There exist a handful of books which seem to spill into our lives bearing hidden meaning. Whether said meaning was intentional, we cannot know, and the authors—across the board—give us little to work with.
Obvious examples, most likely to be known by dedicated readers, are James Joyce’s Finnegans Wake and Ulysses. Difficult texts that demand attention, they ultimately reward readers with images akin to film—but you’ve got to work for those. Today’s casual reader most likely would lack the patience and—frankly—awareness of post-modern technique. Stream-of-consciousness, where a character’s inner thoughts are given verbatim without much regard to structure. The dark room the stinking sweat I’m afraid and I step slow into humming vast rage-burning echo of terror blood-spatted and candle-lit.
My own example, as I cannot quote Joyce—but you get the idea. The stream-of-consciousness was employed to give readers direct experience of life, shorn of commas and literary structure.
But Joyce’s books are fairly comprehensible compared to 20-Century works like Samuel R. Delany’s Dhalgren, a science-fictional (Joyce-influenced) night journey through what might be a post-apocalypse urban sprawl. Perhaps sparked by then-recent cinematic shorthand, Delany fascinated and enraged readers by taking science fiction into a place (in 1975) unimaginable to fans of Isaac Asimov (I, Robot) and Arthur C. Clarke (2001: A Space Odyssey)—so-called “nuts and bolts” SF. Delany’s nearly 900-page novel used every post-modern riff available, and invented a few more. There are pages written in split-screen, with Delany’s comments on what he was doing while writing, including scatalogical details some readers felt ought to have been left out. I disagree. After all, hadn’t visionary “monk” Francois Rabelais (in his 16th-Century Pantagruel and Gargantua) written honestly about drinking and shitting and sex? Of course.
But the accumulative effect of Delany—and Joyce and Rabelais—is indeed mysterious. You can smell the wine, hear the curses, and imagine without too much effort their various worlds, stripped of all things false and polite. Delany combined rarefied intellectual vision with “bawdy” and pungent detail, with no concern whatsoever for readers tagging along.

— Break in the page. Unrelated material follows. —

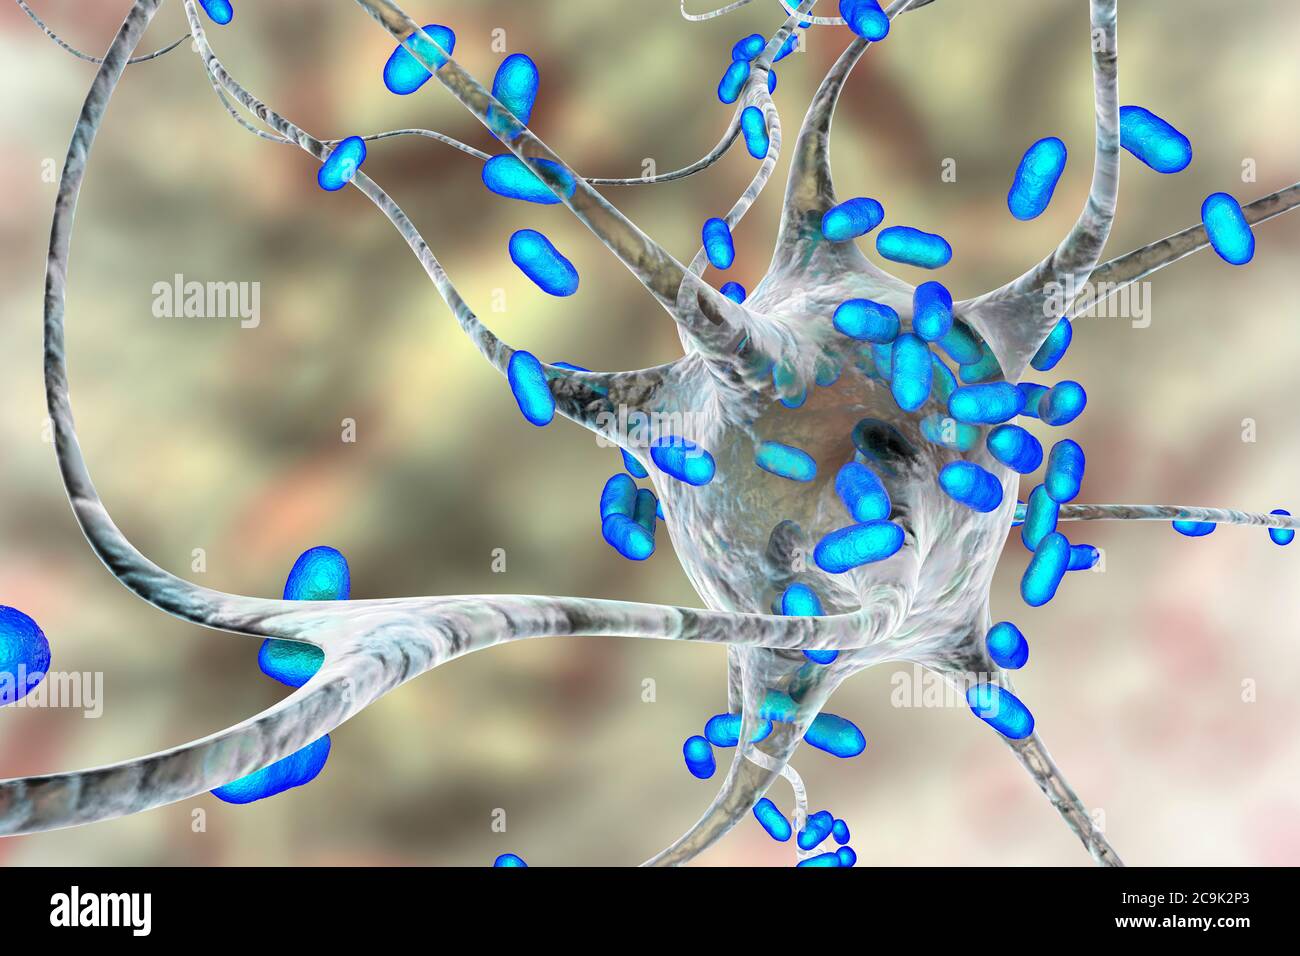 Bacterial encephalitis. Conceptual computer illustration showing bacteria infecting brain cells. Stock Photo

Just as potent, but quieter, was British author Brian W. Aldiss, whose Report on Probability “A” (1967) and Barefoot in the Head (1969) took French anti-structure and anti-novelism to striking results. Here was an Oxford-educated writer plucking science fiction from its rest, and injecting it with “Acid Head Wars,” and a profoundly strange slow-motion prose with the effect on readers of hyper-vivid reality. For my money, Report on Probability “A” is a classic work on the possibilities of language pushed to its limit. Unlike the books above-mentioned, Aldiss used Hemingway-simple nouns and verbs in a way that seems impossible—a magic mirror at times hard to bear. It takes a while in this short novel even to realize what’s happening: An isolated, rainy property subjected to enigmatic surveillance by former employees, as well as by other-dimensional beings. The multiple perspective lets us taste and see and smell and hear everything. Rain-drops patting grass…a beautiful woman (seen only when she happens to pass before a window) whose every action is charged with unknowable meaning. The watchers themselves are watched by others in some timeless sunny field, and obsessed with a painting by William Holman Hunt. The combined effect is truly overwhelming, and Aldiss had a hard time finding a publisher.
What is the value of such books? At the very least, the chance to enter worlds brushed upon only in dreams—or nightmares. And to experience the genuine magic of words, when written by those whose unique vision allows them to transform the mundane into the pure terror/wonder/beauty of existence.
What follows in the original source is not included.